03_Types_of_Data_and_DataTypes_annotated
INTRODUCTION TO DATA SCIENCE
Overview of data science
Importance of data types in data analysis
Types of Data, Data Types and Data Categories
Recap of Last Week
Code snippet for loading a dataset:
df = pd.read_csv('/kaggle/input/california-housing-prices/housing.csv')Sample data includes features like longitude, latitude, and housing prices:
Example Rows:
Row 0: -122.23, 37.88, 41.0, ...
Row 1: -122.22, 37.86, 21.0, ...
What is Data?
Definition: Data refers to raw information, facts, or statistics in various forms (numbers, text, images, etc.).
Broad Categories of Data
Quantitative
Discrete: Countable set of values (e.g., number of cars)
Continuous: Infinite values within a range (e.g., height, weight)
Qualitative: Descriptive data which can be further classified into structured and unstructured data.
Types of Data
Tabular Data: Structured data formatted in rows and columns, resembling spreadsheets.
Text Data: Human-readable text (e.g., reviews, articles).
Graph Data: Represents relationships and connections among entities (e.g., social networks).

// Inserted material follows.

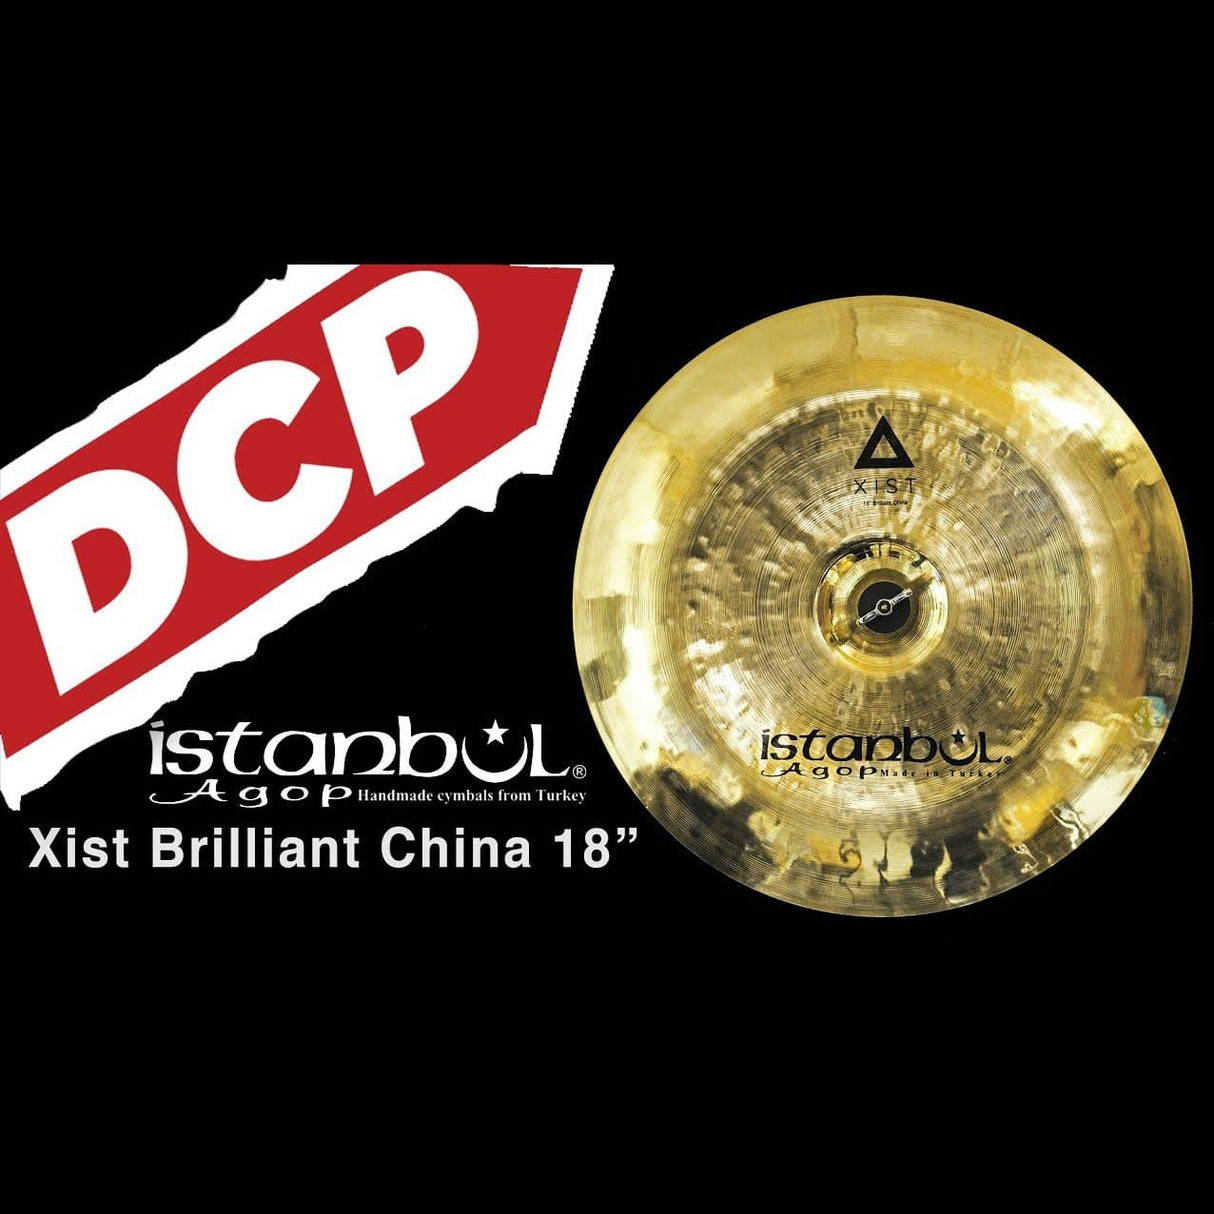 Istanbul Agop Xist Brilliant China Cymbal 18"

Unstructured Data: Lacks a predefined structure, includes video, audio, images, etc.
Examples of Data Types
Tabular Data: Demographic info, grades.
Text Data: Emails, social media posts.
Graph Data: Roads, social connections.
Unstructured Data:
Videos: TikTok, face recognition
Images: Photos, road signs
Audio: Music, real-time translation
Biometrics: Fingerprints, facial recognition
Data Formats
Common Formats:
CSV, TSV: Type of structured data formats used for storage.
Image formats: .jpg, .png
Audio formats: .wav, .mp3
SQL databases: mySQL, PostgreSQL
NoSQL databases: Bigtable, MongoDB
CSV vs. TSV: Both are used for tabular data but differ by how they separate values (comma vs. tab).
Image Data
Structure: Organized as grids of pixels; color information in RGB channels (0-255).
Compression Types:
Lossy Compression: Reduces file size with some quality loss (e.g., JPEG).
Lossless Compression: Maintains original quality (e.g., PNG).
Databases
Databases: Organized collections of structured data, enabling efficient data management and retrieval.
JSON Format
JSON (JavaScript Object Notation): A lightweight format for data interchange, easily readable and writable for both humans and machines.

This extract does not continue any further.